ENTRIES SHOWN: Begin
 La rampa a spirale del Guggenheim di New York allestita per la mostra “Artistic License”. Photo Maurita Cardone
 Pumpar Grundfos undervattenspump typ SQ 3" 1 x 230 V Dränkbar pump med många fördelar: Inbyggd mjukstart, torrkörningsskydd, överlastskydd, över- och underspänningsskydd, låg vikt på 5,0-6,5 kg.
ENTRIES SHOWN: End
ENTRIES SHOWN: Begin
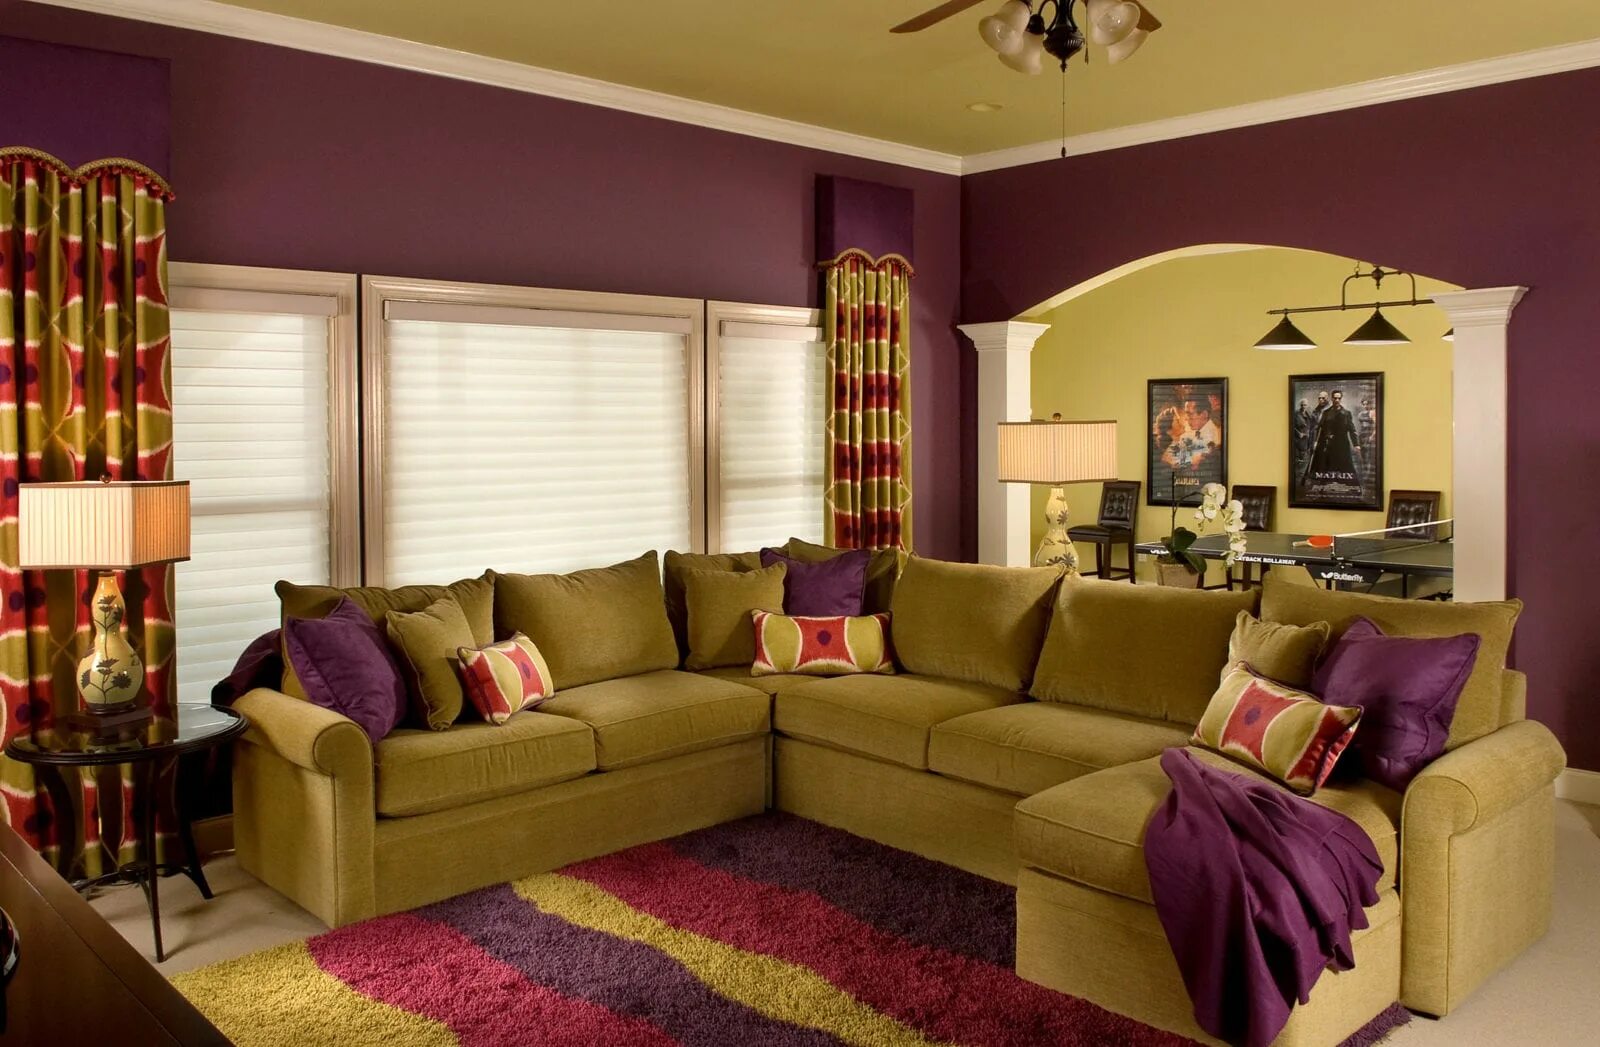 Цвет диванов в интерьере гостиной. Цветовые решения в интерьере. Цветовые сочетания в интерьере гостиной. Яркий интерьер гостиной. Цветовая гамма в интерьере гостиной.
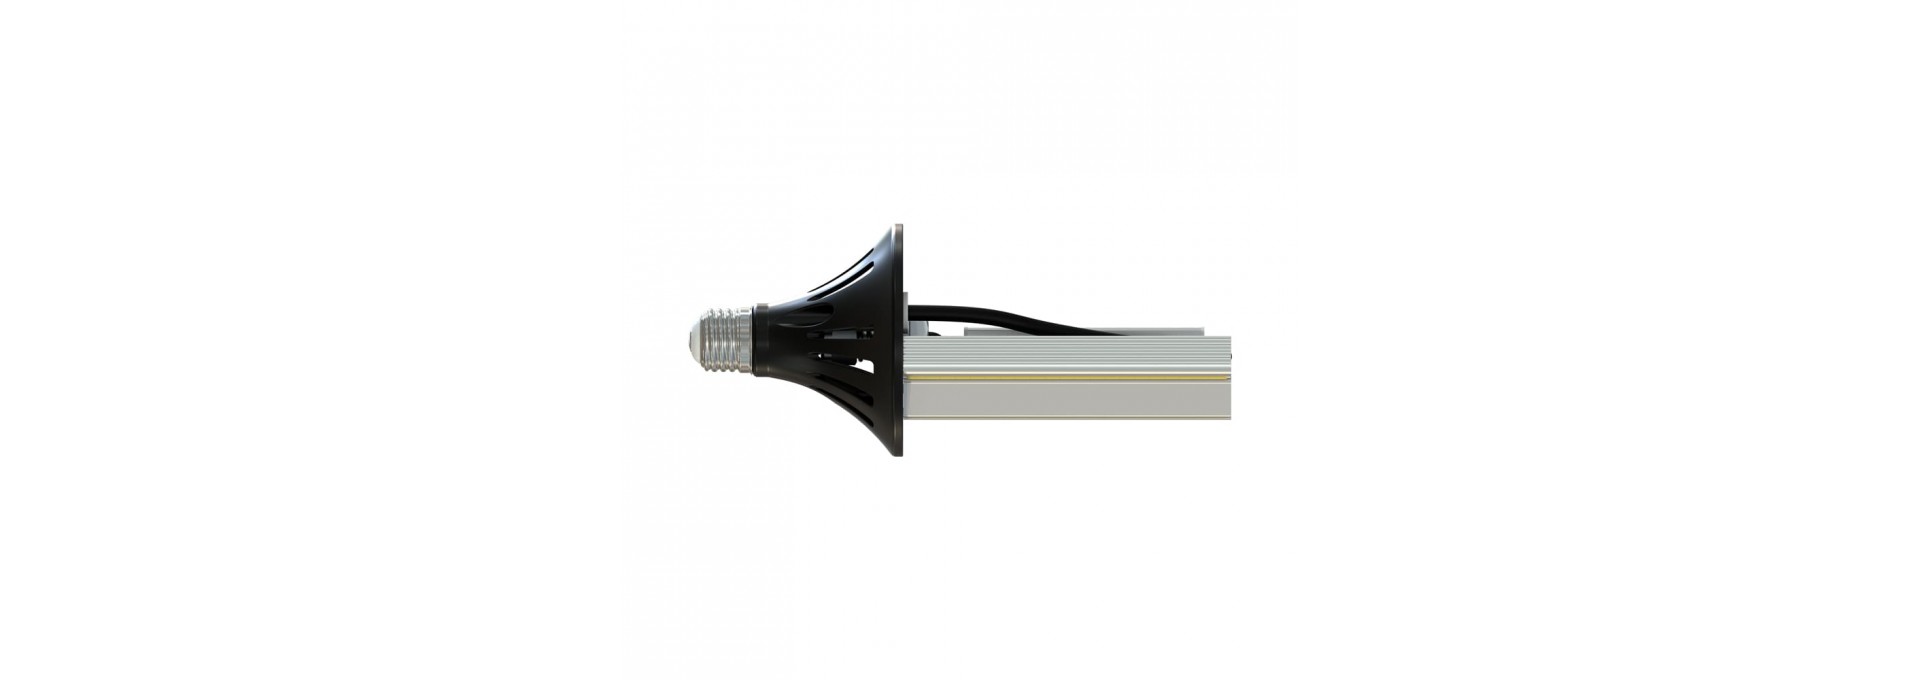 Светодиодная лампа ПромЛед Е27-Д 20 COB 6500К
ENTRIES SHOWN: End
* _WORK ORDER_
Above are some entries; copy exactly the lines from the line with "Цвет диванов в" through the line with "Светодиодная лампа ПромЛед", both included, but none of the pictures.

* _EXERCISE OUTPUT_
 Цвет диванов в интерьере гостиной. Цветовые решения в интерьере. Цветовые сочетания в интерьере гостиной. Яркий интерьер гостиной. Цветовая гамма в интерьере гостиной.
 Светодиодная лампа ПромЛед Е27-Д 20 COB 6500К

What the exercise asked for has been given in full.